Короче, Воинову удалось уговорить Вицина сыграть Бальзаминова, в результате чего наш кинематограф обогатился ещё одной прекрасной работой. Фильм снимался в Суздале, который в те годы ещё хранил в себе черты столетней давности. В городе не было никаких производств, работала только молочная фабрика: там делали сгущённое молоко, творог, сметану. Дома были почти сплошь деревянные, покосившиеся, с неизменными старушками на лавочках. В городе была всего одна гостиница — трёхэтажная, никудышная, с одним туалетом на этаже и окнами, выходящими на рынок. Гостиница была столь непритязательной, что актёрам приходилось жить в жуткой тесноте — втроём в одном номере. К примеру, Вицин делил номер с режиссёром Воиновым и оператором, своим тёзкой, Георгием Куприяновым. В других номерах обитал женский состав картины: Лидия Смирнова, Людмила Шагалова, Татьяна Конюхова, Надежда Румянцева, Екатерина Савинова, Инна Макарова.
Вспоминает Л. Смирнова:
«Мы играли прямо в старых торговых рядах. Водрузили вывески с буквой „ять“ на чайных, сапожных палатках, убрали столбы с проводами, а всё прочее осталось. Извозчик, нищий, собака — всё было как в XIX веке. На площади снималась финальная сцена, когда Вицин пляшет под потрясающую музыку Бориса Чайковского — знаменитую полечку. Танец, конечно, придумал Воинов. В рубашке нараспашку, в дикую жару, Воинов показывал Гоше Вицину, как надо танцевать.
Так же он показывал Мордюковой, как она должна целовать Вицина возле забора…»
Эпизод, когда героиня Мордюковой купчиха Белотелова целует взасос Бальзаминова—Вицина, — один из самых сильных в картине. Сам Г. Вицин вспоминает об этом так: «Напрасно волнуются мужья и жены артистов по поводу любовных и эротических сцен. Там переживаний никаких. Мордюкова даже сказала мне после съёмок: „Разве ты мужик? Не пьёшь, не куришь, к женщинам не пристаёшь. Ты труп“. Она ведь любит, чтоб сесть, выпить и у-ух! А я такой хватки и бешеного темперамента боюсь».
Таким образом, страх и смятение, которые были написаны на лице актёра в этом эпизоде, были не наигранными, а самыми что ни на есть настоящими.

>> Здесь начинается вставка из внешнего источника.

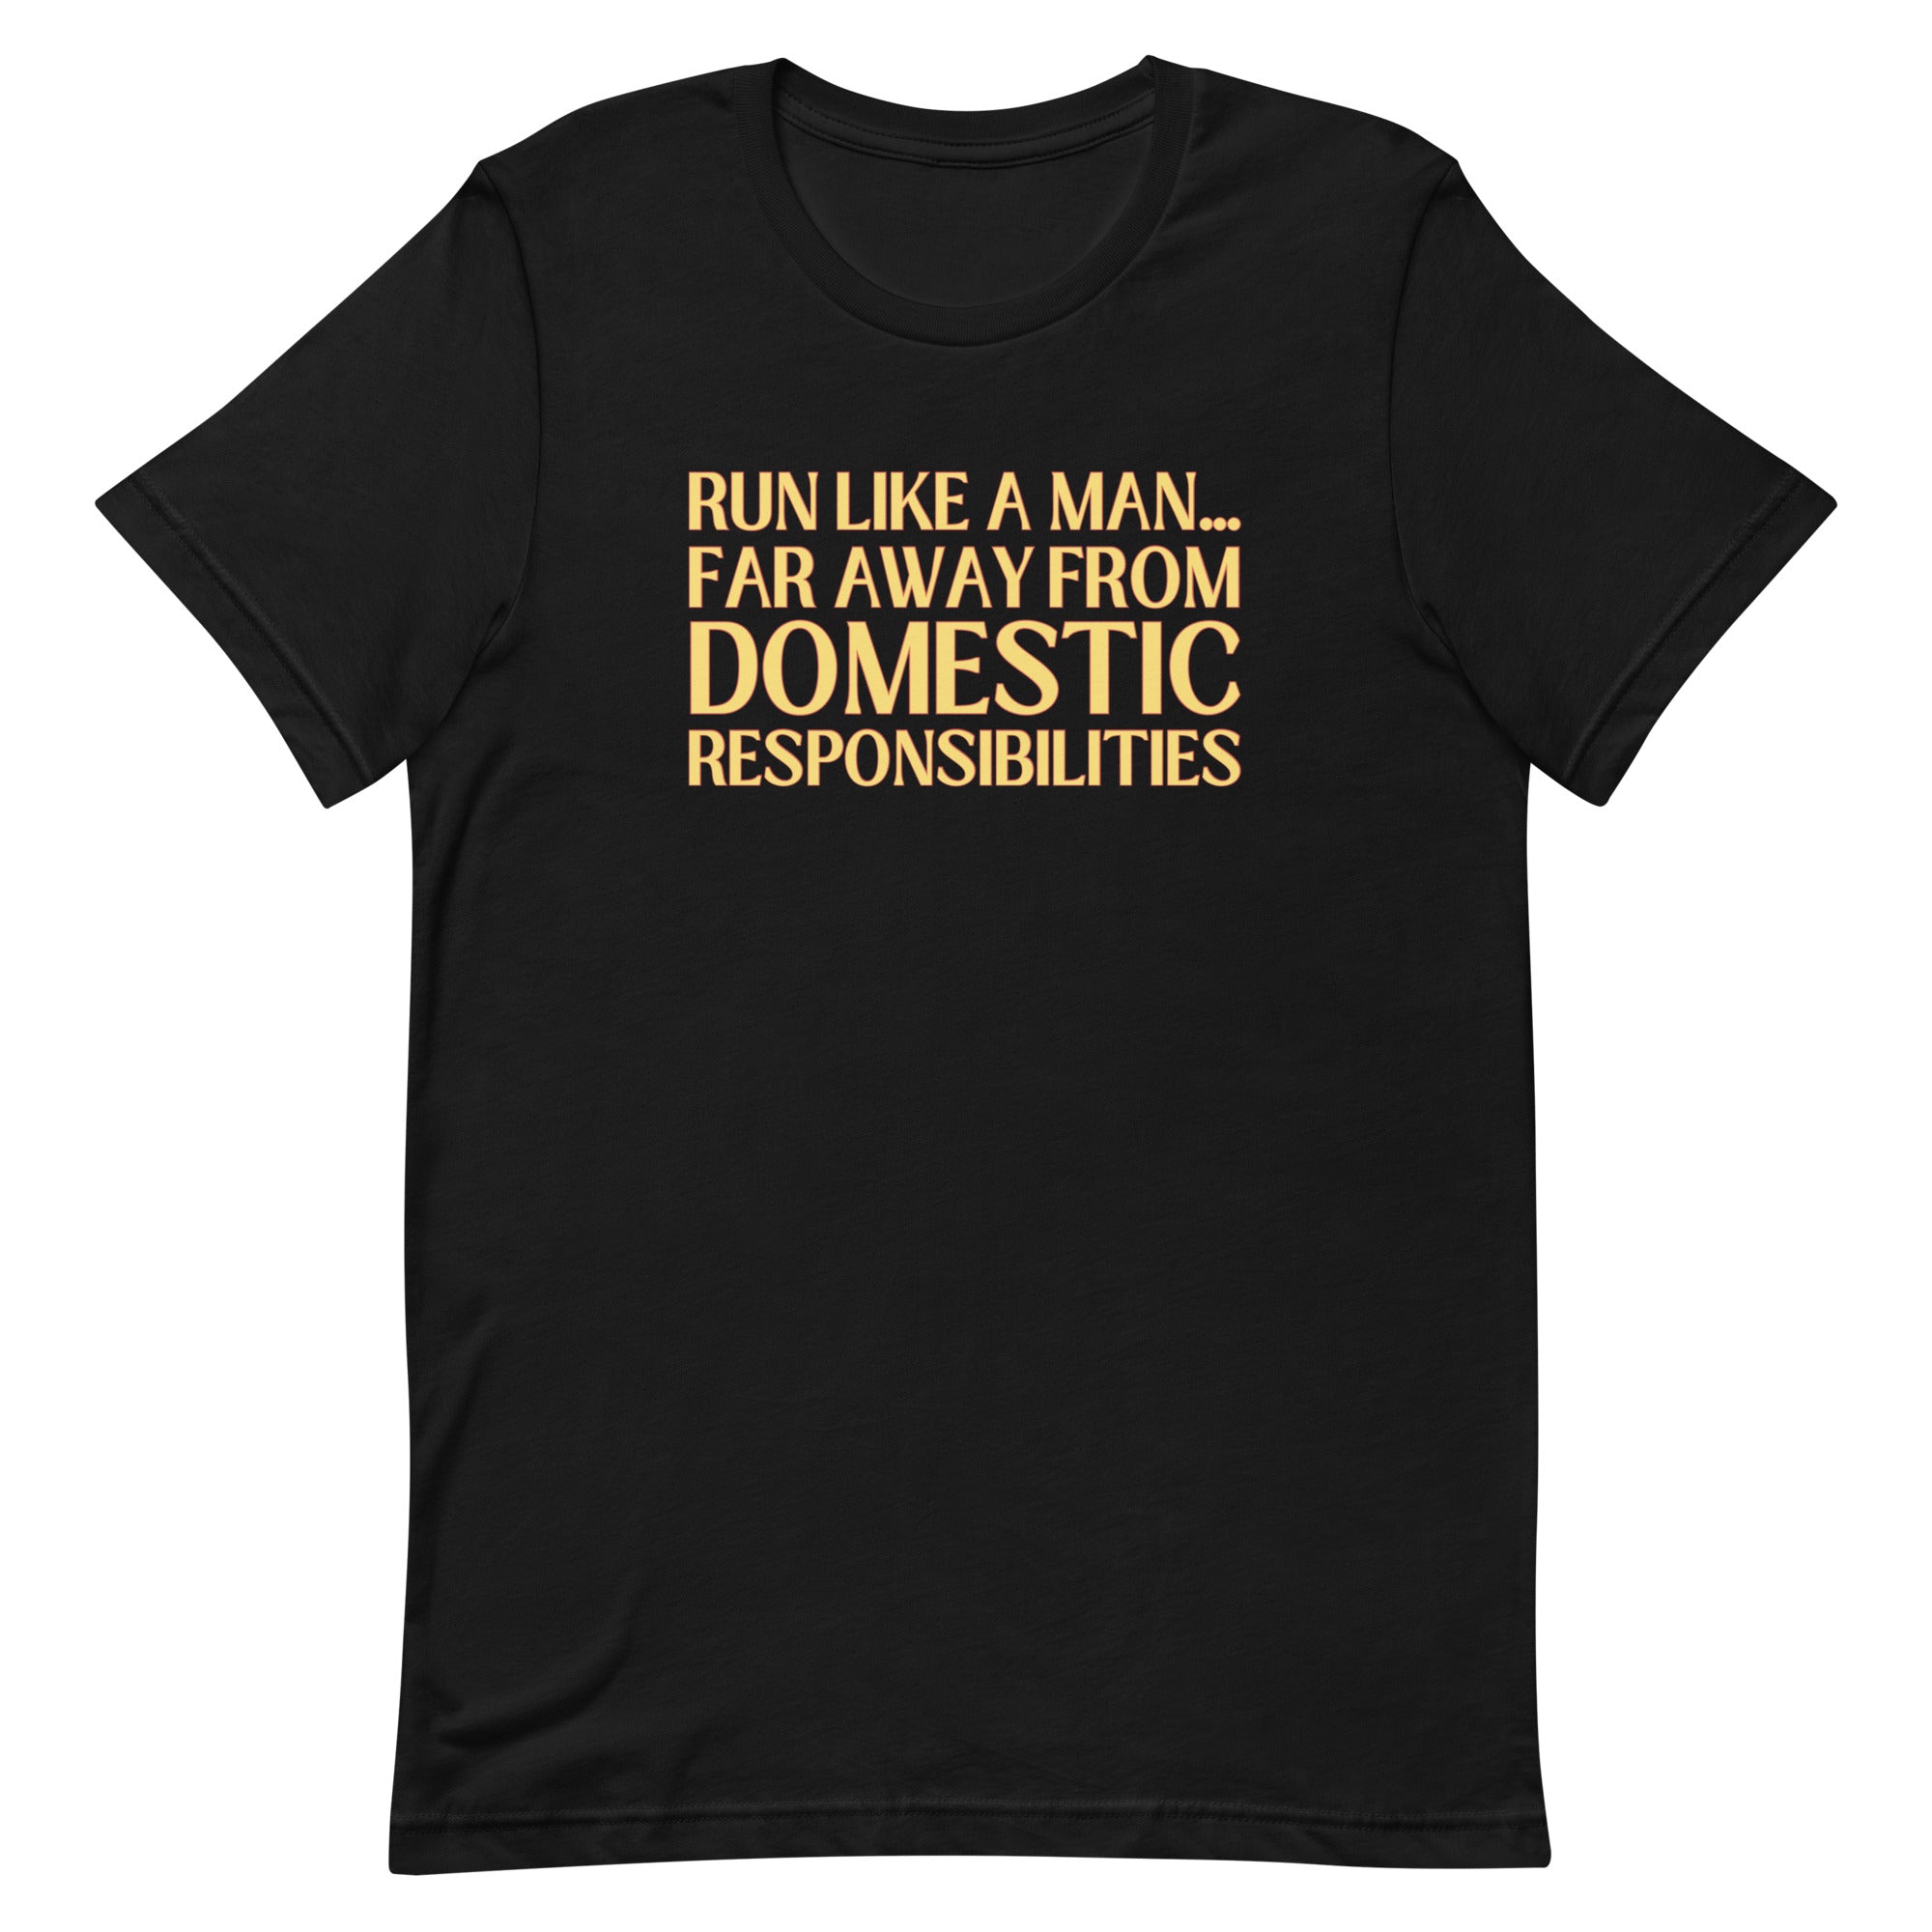 Run Like A Man Unisex Feminist t-shirt - Shop Women’s Rights T-shirts - Feminist Trash Store - Black

Кино и театр были не единственными способами творческого самовыражения Вицина. В 50–60-е годы он активно работал в мультипликации (его голосом говорили десятки самых разных персонажей), выступал в сборных концертах от Бюро кинопропаганды. На этих концертах он обычно читал прозу, в особенности рассказы Михаила Зощенко.
Г. Вицин вспоминает: «Зощенко — замечательный писатель, мой любимый, но он не актёр. Он очень ярко писал образы, видел их, наблюдал. Однажды я слышал его в Колонном зале, когда был мальчишкой. А надо сказать, что тогда гремел на рассказах Зощенко Хенкин Владимир Яковлевич — большой комик. И вдруг объявляют, что после Хенкина выступит сам Михал Михалыч. Вышел такой скромный, немножко прихрамывающий человек. Я так по-мальчишески думал: вот это да! вот сейчас смеху будет! И представляете — тишина. Ни одного хихиканья, как будто я пришёл на панихиду. Он ушёл под стук собственных каблуков. Я растерялся и ничего не понял. Помню только, что он читал СЕРЬЁЗНО, как поэт. Нараспев, на одной интонации, словно молебен. Так Вознесенский первое время читал свои стихи. Поэтому я Зощенко не то чтоб переделываю, я его очень хорошо чувствую. И люблю что-то доигрывать. Например, драка в коммунальной квартире: у Зощенко жиличку зовут Анна Пищалова. А я прекрасно знаю коммунальные квартиры — жил там в течение первых пятидесяти лет. (Вицин одно время жил в Спасоналивковском переулке, затем в Кривоколенном, после чего переехал в Староконюшенный. —
В 1967 году Вицин вновь явился перед взорами зрителя в образе Труса — на этот раз в комедии Л. Гайдая «Кавказская пленница». Как вспоминал Ю. Никулин, Гайдай ещё во время работы над «Операцией „Ы“» считал, что тройка себя изживает и большие отдельных фильмов он с ней снимать не собирается. Однако популярность этих масок была настолько огромной, что он решил всё-таки вновь реанимировать тройку.